Esta renovación de ideas tuvo su máxima expresión en el hoy injustamente olvidado documento "Modelo argentino para el proyecto nacional", esbozado en su mensaje del 1 de mayo de 1974 ante la Asamblea Legislativa.

Los dos años que siguieron al 23 de setiembre de 1973 terminaron mostrando la insuficiencia de estas medidas con las que Perón intentó proscribir la violencia armada, regresar a sus postulados primigenios y asentar sus nuevas inquietudes adquiridas tras su largo exilio.

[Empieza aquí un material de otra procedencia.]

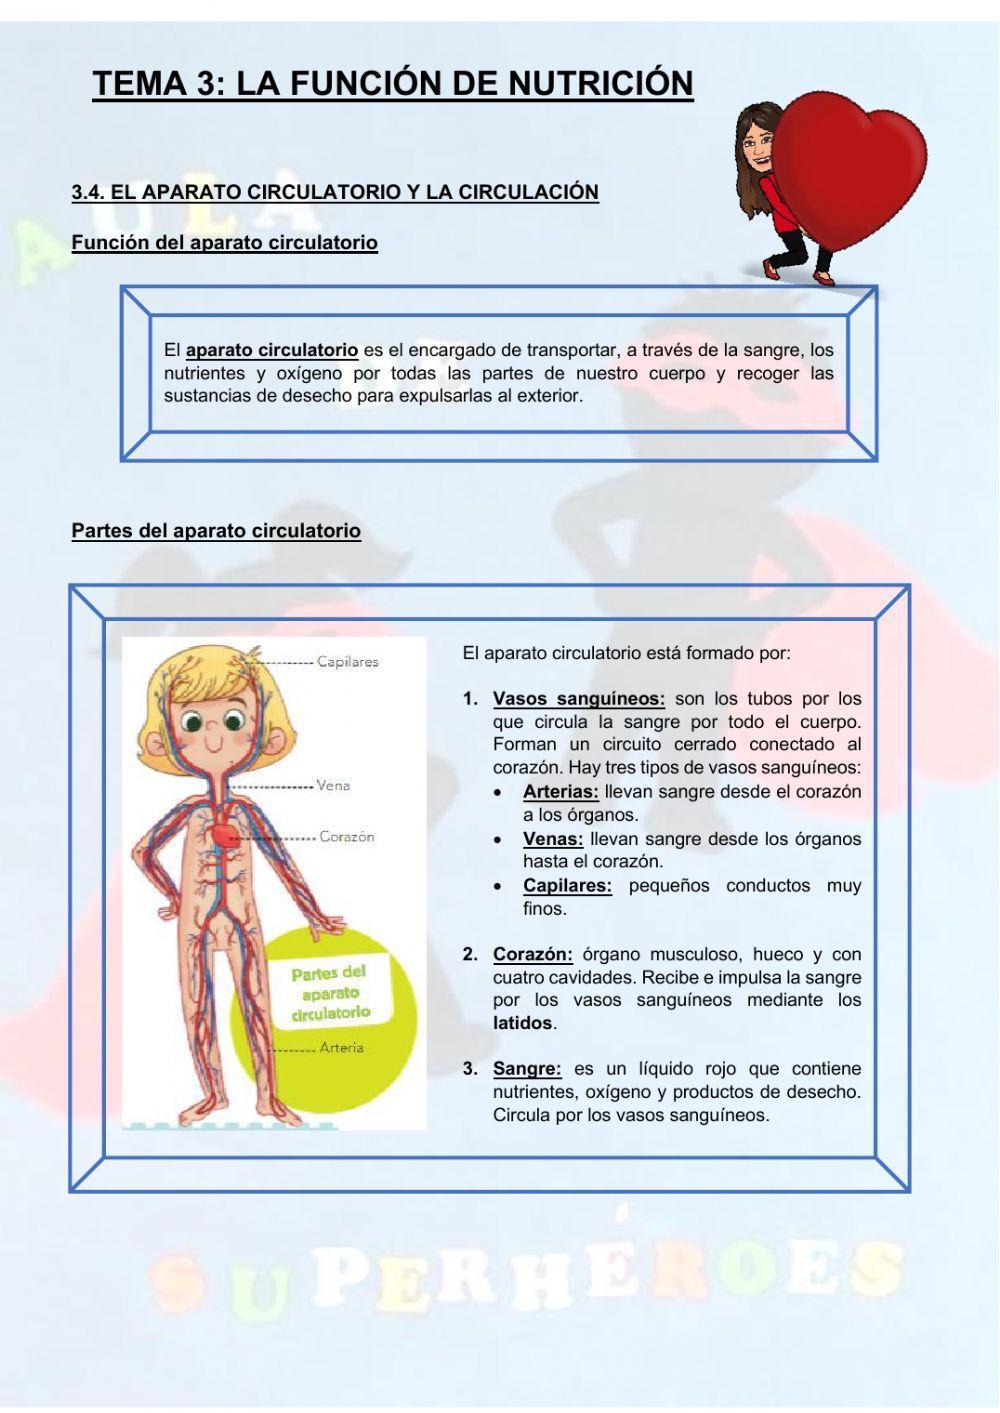 El aparato circulatorio y la circulación

Uno podría sostener que Perón sobrevaloró su capacidad de reconducir a la "juventud maravillosa", rescatándola del militarismo, convenciéndola de la necesidad moral y política de respetar el precepto "No matarás".

Como es notorio, los herederos y continuadores de aquel viejo desafío al peronismo histórico han desplegado su ingenio para eludir responsabilidades y su capacidad retórica para reescribir historias. Sin embargo, lejos de encerrarse en sus precarias banderas "ideológicas", el Partido Montonero partió del culto a Evita, ensalzó la figura de Cámpora y enarbola ahora la consigna "Volver a Perón". Al hilo de este enunciado, se me ocurre atinado preguntar si es posible "volver a Perón" ignorando su rectificación del apotegma originario "para un peronista no hay nada mejor que otro peronista", por la consigna "para un argentino no hay nada mejor que otro argentino". Las antiguas diatribas y atentados contra la dirección sindical están siendo olvidados. En materia programática, "La Cámpora" ignora el documento "Modelo argentino para el proyecto nacional" y hay quienes lo reemplazan por el reciente aporte (8 de setiembre de 2022) de Mario Eduardo Firmenich "Programa revolucionario para la refundación nacional".

Termino encomiando los esfuerzos por analizar los acontecimientos tratando de evitar deformaciones o sobrecargas ideológicas. Este tipo de esfuerzos debiera servirnos para llegar a algunas conclusiones, de los que me atrevo a enunciar aquí tres. La primera: que la violencia destruyó nuestras bases de convivencia en demasiados períodos de nuestra historia reciente, por tanto, es altamente imprudente volver a ella o alentar su regreso. La segunda: que el diálogo sin exclusiones y en el marco de la Constitucional (reformada en 1994) es la única vía conocida para emerger de la decadencia. La última: que los verticalismos ciegos destruyen las mejores intenciones (en palabras del profeta Ezequiel: "Dios ciega a quien quiere perder").